Он было заспорил, стал передразнивать профессоров, директора, надзирателей, пока отец не покатился со смеху. Мать резко положила этому конец:

— Нас ты, надеюсь, в коллеже не передразниваешь?

Она вышла из комнаты. Если бы не отец, Эварист расплакался бы. Отец заговорил с ним как с равным:

— Тебе не нравится в школе чисто внешняя сторона. Все это будет не так уж важно, если у тебя будет своя собственная внутренняя жизнь. — Он слабо улыбнулся и со смущенным видом добавил: — Чаще заглядывай в самого себя, и ты будешь реже видеть Луи-ле-Гран.

Как часто слышал он, что способности — не все и есть кое-что поважнее. Но это «кое-что» для разных людей было различным. В Луи-ле-Гран это означало послушание. Для матери это были спокойствие и сила. А для отца? Нелегко сказать. Он знал только, что для отца это было связано со значением двух слов, которые ему так часто приходилось слышать: «свобода» и «тирания». Как непохоже звучали эти слова, как по-разному загорались глаза отца, когда он их произносил! Одно было так же далеко от другого, как Бур-ля-Рен от Луи-ле-Гран. Свобода — за нее храбро дерутся и с радостью умирают. Тирания — сила, которая палками и угрозой заставляет творить позорные дела. Свобода — свет, тирания — тьма. Свобода — это Бур-ля-Рен, тирания — Луи-ле-Гран. Но против тирании нужно бороться. Нужно бороться против Луи-ле-Гран. Сегодня им дадут бой. Почему «дадут»? Почему он не думает: «Сегодня мы дадим бой тирании в Луи-ле-Гран?» Он для них новичок, чужой, которому нельзя доверять. На сегодня у него нет ни одного опасного поручения. Ему придется делать только то же, что и всему классу: рвать книги, жечь их, бить надзирателя. Эта мысль привела его в ужас. Швырять огромные словари в лицо взрослым! Он содрогнулся. Если бы этот час не наступил никогда! Что скажет мать? Поймет ли она?

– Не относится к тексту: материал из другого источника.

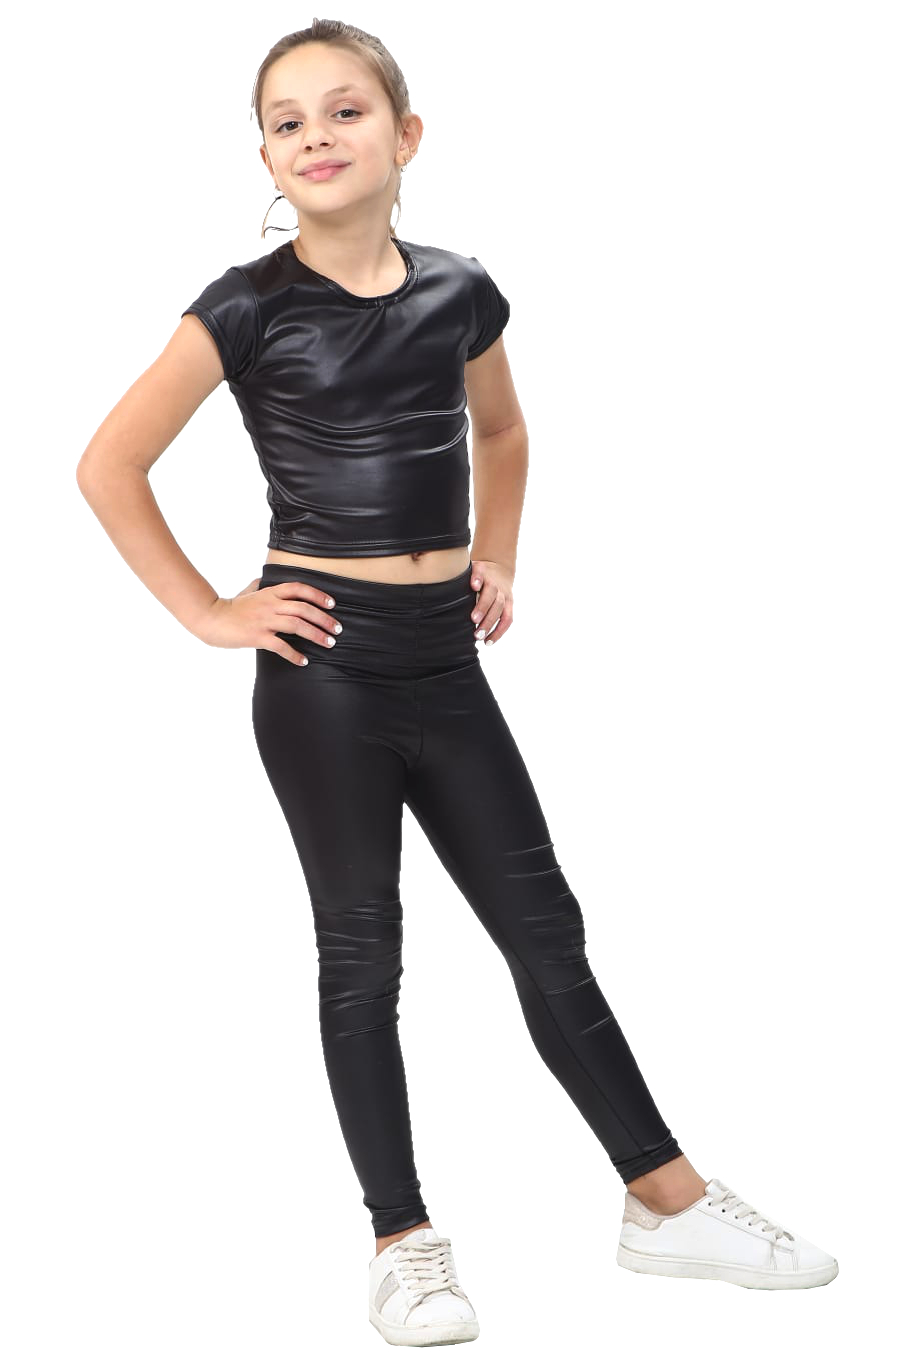 Girls Wet Look Outfit Crop Top and Leggings New Metallic Black Shiny  Stretch Set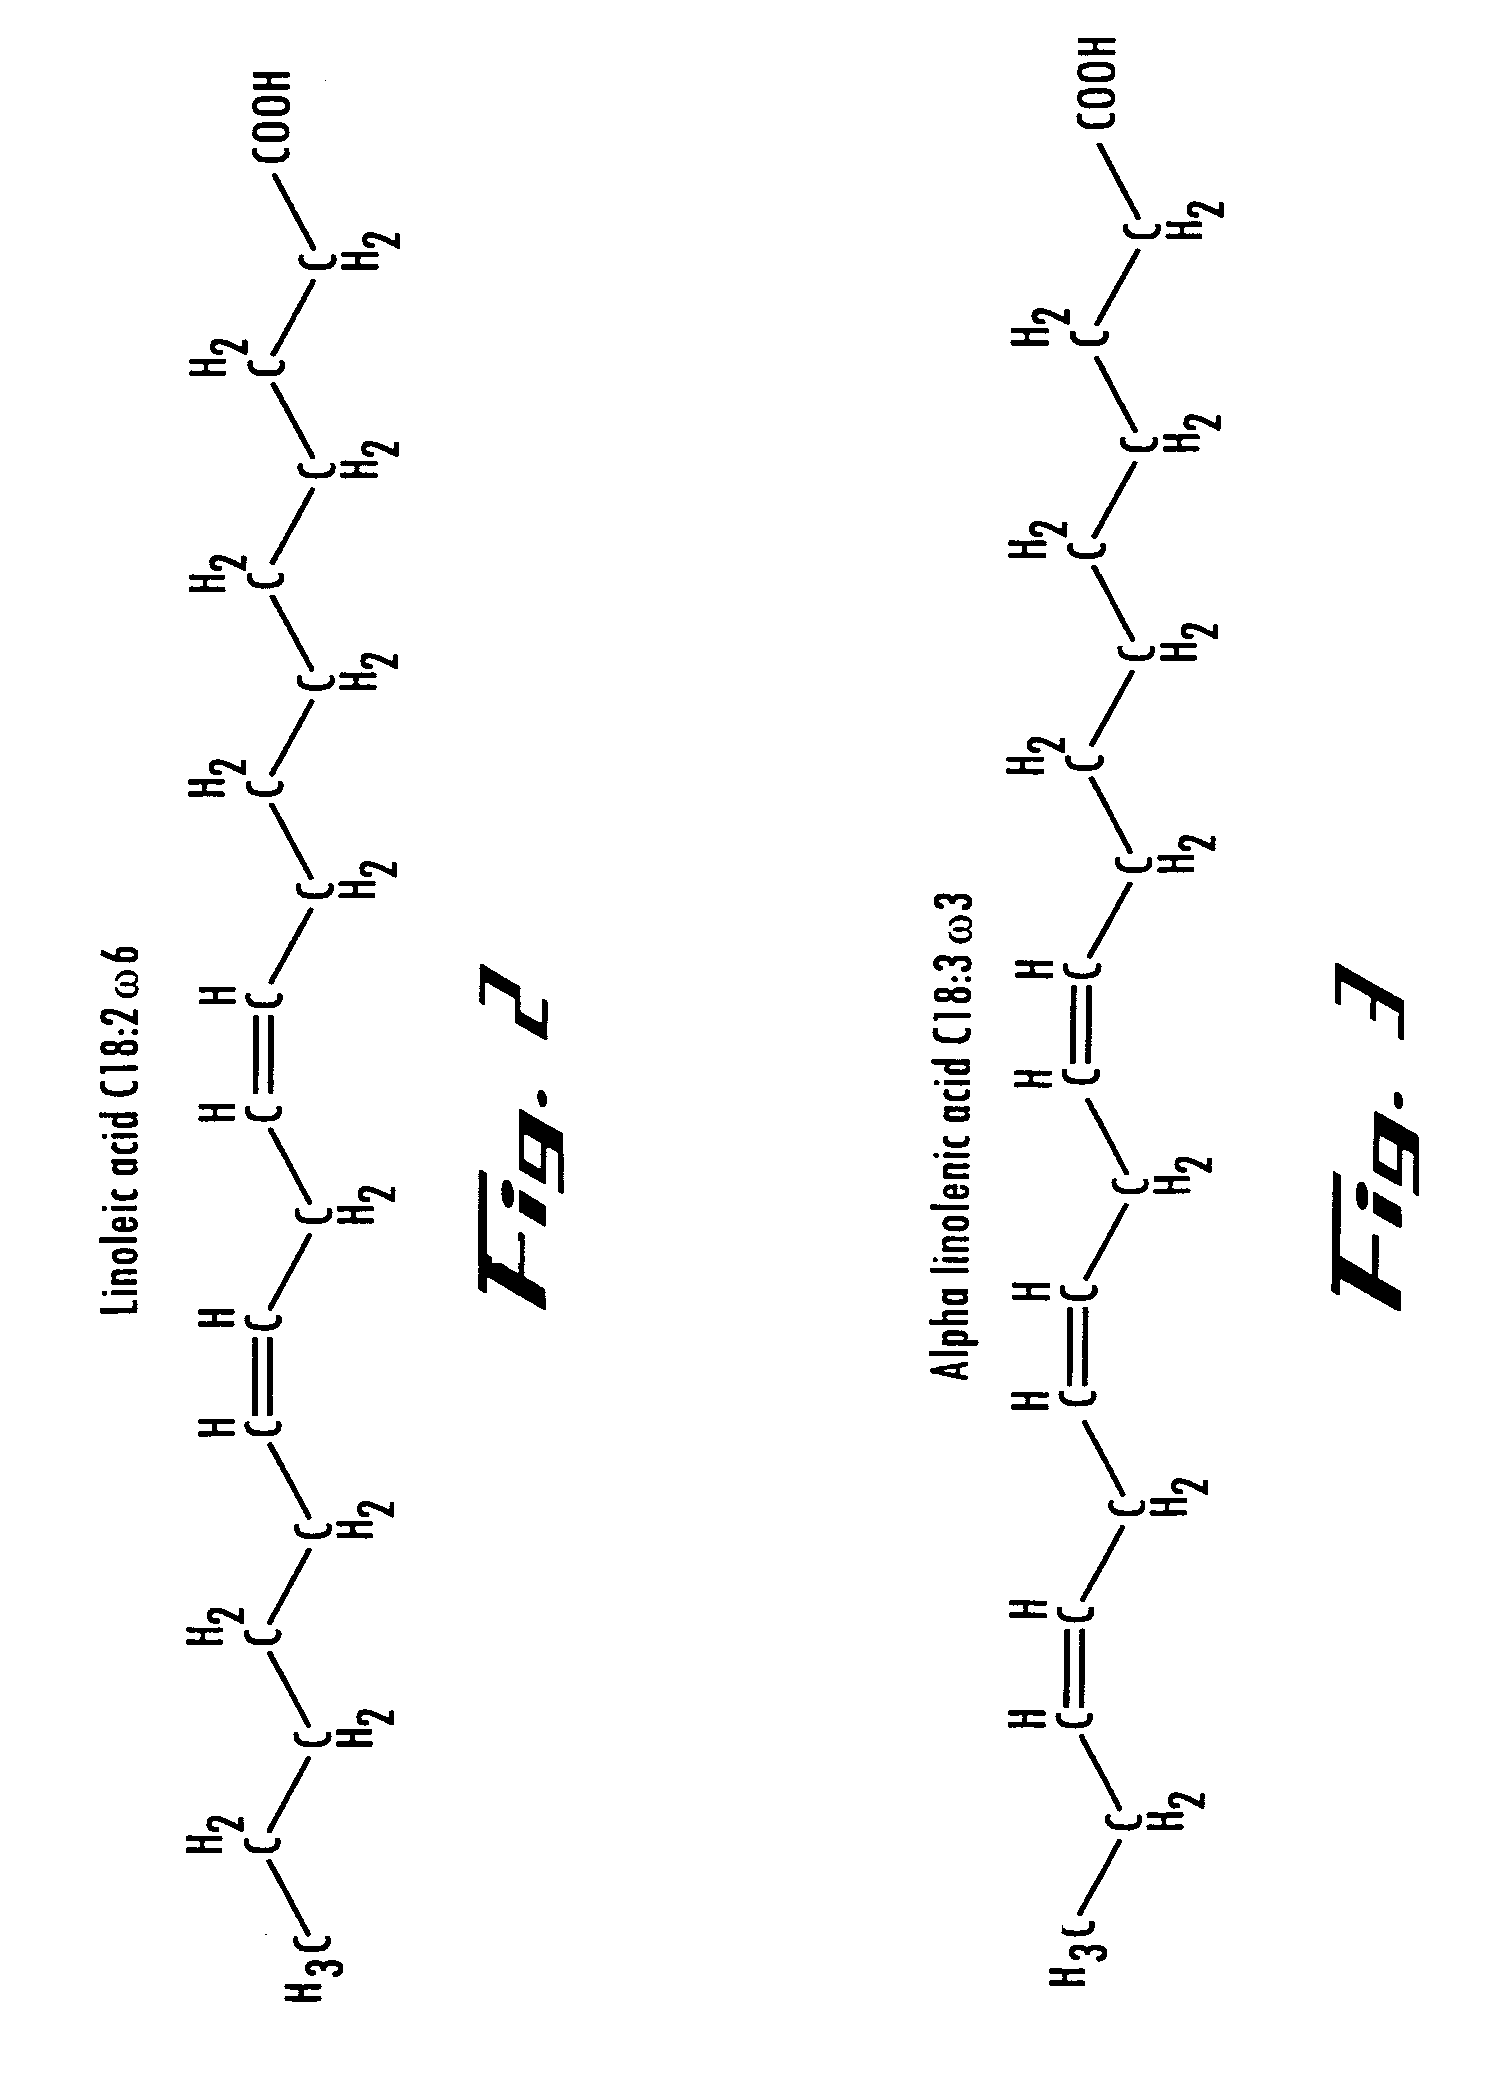 Method of electro-catalytic reaction to produce mono alkyl esters for renewable biodiesel

Послышался пронзительный колокольный звон. Колокола! Мелодичен был их голос в Бур-ля-Рен! Их голос был голосом мира. Колокольный перезвон в Луи-ле-Гран будил смятение и тревогу.

В комнату вошли двое, неся большой котел с луковым супом. Ученики разобрали миски и ложки, грудой сваленные в углу. Служитель налил каждому половник супу. В пять минут суп съели, убрали посуду и вытерли лужи грязными тряпками.

Начали собираться ученики, которые были на половинном содержании. У себя в пансионах они проделали ту же утреннюю процедуру, что и их товарищи в школе. А с восьми утра до послеобеденного времени все они составляли одну большую семью, ставшую сегодня единой боевой силой.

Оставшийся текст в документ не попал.